# paver area without gravel?



## D270 (Mar 27, 2011)

Hi,

No money for a true paver patio, however....what if I put down heavy plastic over the grass, put 16"x16" square pavers down, held together with the standard paver plastic edging/spikes.

I save on gravel/digging....no weeds....and cheap.

HOWEVER, the grass may stink while it decomposes...the blocks will shift..etc.

What other pitfalls am I looking at?

Thanks!

PS This is only for a muddy space by our garage that gets no sun and where we store our garbage cans...not to sit out on and have a beer..lol

So...just the ground shifting I guess :-/


----------



## Bondo (Dec 8, 2007)

D270 said:


> Hi,
> 
> No money for a true paver patio, however....what if I put down heavy plastic over the grass, put 16"x16" square pavers down, held together with the standard paver plastic edging/spikes.
> 
> ...


Ayuh,... While it won't be a long lived project,...

If ya dig a hole, 'bout the size, 'n depth of the paver blocks, or alittle less, dependin' on the grade...
You can use the removed dirt/ grass to edge along the plastic paver surround to help hold it in place...

No doubt better than a muddy spot....:wink:


----------



## Polly003 (Aug 24, 2011)

If you have not already done this project, you might want to use a grass killer first to remove grass so there would be no grass to stink under the plastic.
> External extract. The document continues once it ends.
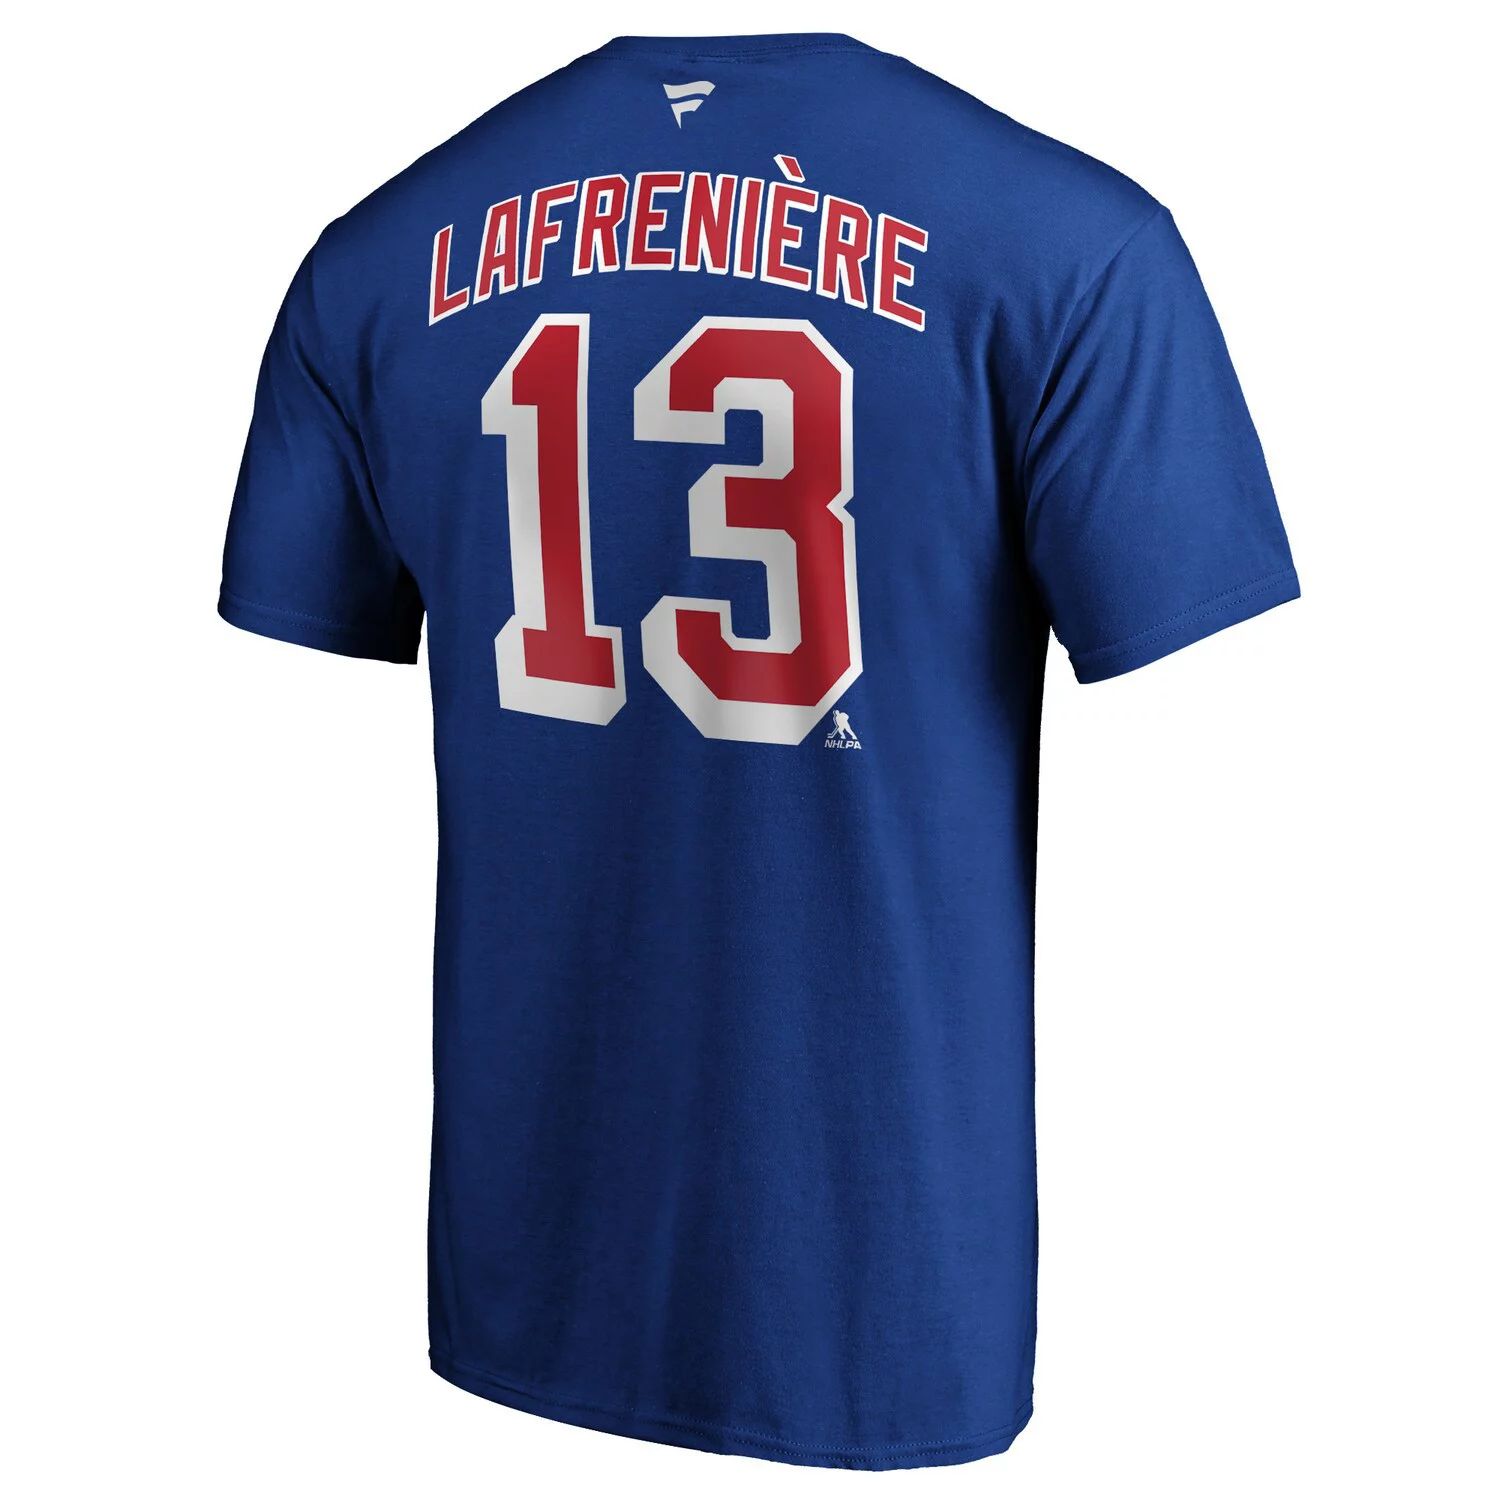 Мужская синяя футболка с фирменным знаком Alexis Lafrenière New York Rangers с аутентичным именем и номером Stack Fanatics

Also black plastic instead of clear is more likely to keep the grass from growing back. Instead of (or in addition to) plastic, laying down treated plywood, with landscape edging screwed to the plywood, then the blocks on top, will help with shifting as well as helping to keep blocks level. I am in Texas (used to be in Illinois) and have used plywood with cheap 2x8x16 blocks on top (36 for a 4x8 piece of plywood). Lasts for years here, but can be removed if need be.


----------